Iman tidak pernah lepas dari pengajaran dan pengetahuan yang melatarinya. Secara spesifik apa yang diajarkan kepada Gabriel Manek semenjak masih kecil adalah tentu benih-benih Sabda Allah. Benih-benih Sabda Allah menjadi semakin berakar dalam dirinya melalui Serikat Sabda Allah (SVD) sejak menjadi seminaris hingga ditahbiskan jadi imam Serikat Sabda Allah. Serikat ini turut berpengaruh besar dalam pembentukan kepribadiannya melalui pengetahuan dan penghayatan nasehat-nasehat Injili. Ia terkenal sebagai pribadi yang bertekun dalam berbagai pendidikan dan pengajaran yang baik. Apa saja yang ia pelajari dan terima selama hidupnya dalam keluarga besar Serikat Sabda Allah, ia wujudnyatakan dalam kata dan perbuatannya. Dengan demikian kisah-kisah biblis seperti kisah ‘orang samaria yang baik hati’ (Luk 10:30-37) dan kisah-kisah sejenis yang diceritakan oleh Yesus sudah pasti menginspirasi pahamnya tentang arti hidup sehingga kemudian dia berhasil menjadi orang samaria yang baik hati bagi orang-orang kecil yang dia perhatikan dan layani. Secara singkat dapat dikatakan bahwa Sabda yang menjelma menjadi manusia menjadi dasar inspirasinya dalam totalitas penyerahan dirinya bagi karya keselamatan. Sabda Allah menjadi dasar utama dalam menjalani hidup dan karyanya setiap hari. Ia

sungguh peka mendengarkan dan menanggapi suara panggilan Tuhan Yesus Kristus yang menghendakinya untuk menyangkal dirinya, mengangkat salibnya dan mengikuti Dia (Mat 16:24).
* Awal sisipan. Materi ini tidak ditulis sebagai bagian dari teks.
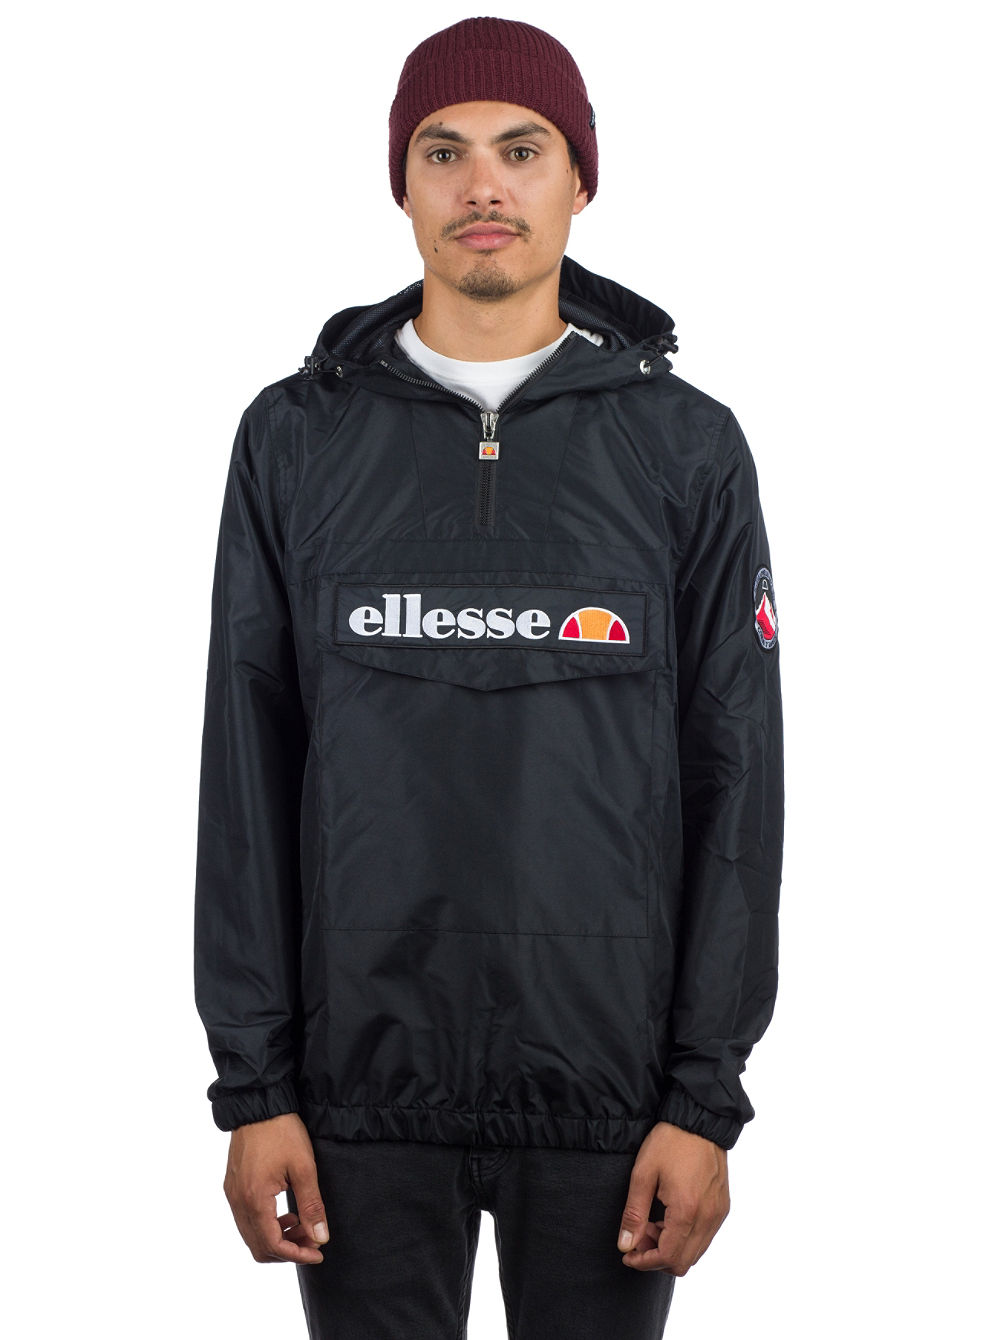 Kup Ellesse Mont 2 Oh Jacket online na blue-tomato.com c8c2e964d2

Dalam perjalanan sejarah pendidikan Gabriel Manek hingga menjadi imam, pengetahuan tentang iman yang dia peroleh diperdalam. Maka pengaruh Tuhan yang membimbing dia dalam diri orang-orang yang mengajar dan mendidik Gabriel Manek layak disebutkan di sini. Mereka adalah para guru yang mengajarkan kepada dia banyak ilmu humaniora dan juga ilmu Ketuhanan atau Teologi. Dia tentu belajar tidak hanya dari pelajaran yang diajarkan di sekolah tetapi dari relasi sosial dengan teman dan guru-gurunya. Belajar memang merupakan pekerjaan yang tidak pernah selesai. Sebab itu setelah menjadi imam dan uskup situasi sosial dan relasi dengan orang-orang yang dijumpai mulai dari umat yang dilayani, karyawan atau karyawati, rekan imam, juga rekan-rekan uskup menjadi guru kehidupan yang membentuk dia menjadi pribadi yang kuat, beriman dan teguh dalam hal solidaritas dengan orang-orang kecil dan terpinggirkan (Beding, 2000: 16-25).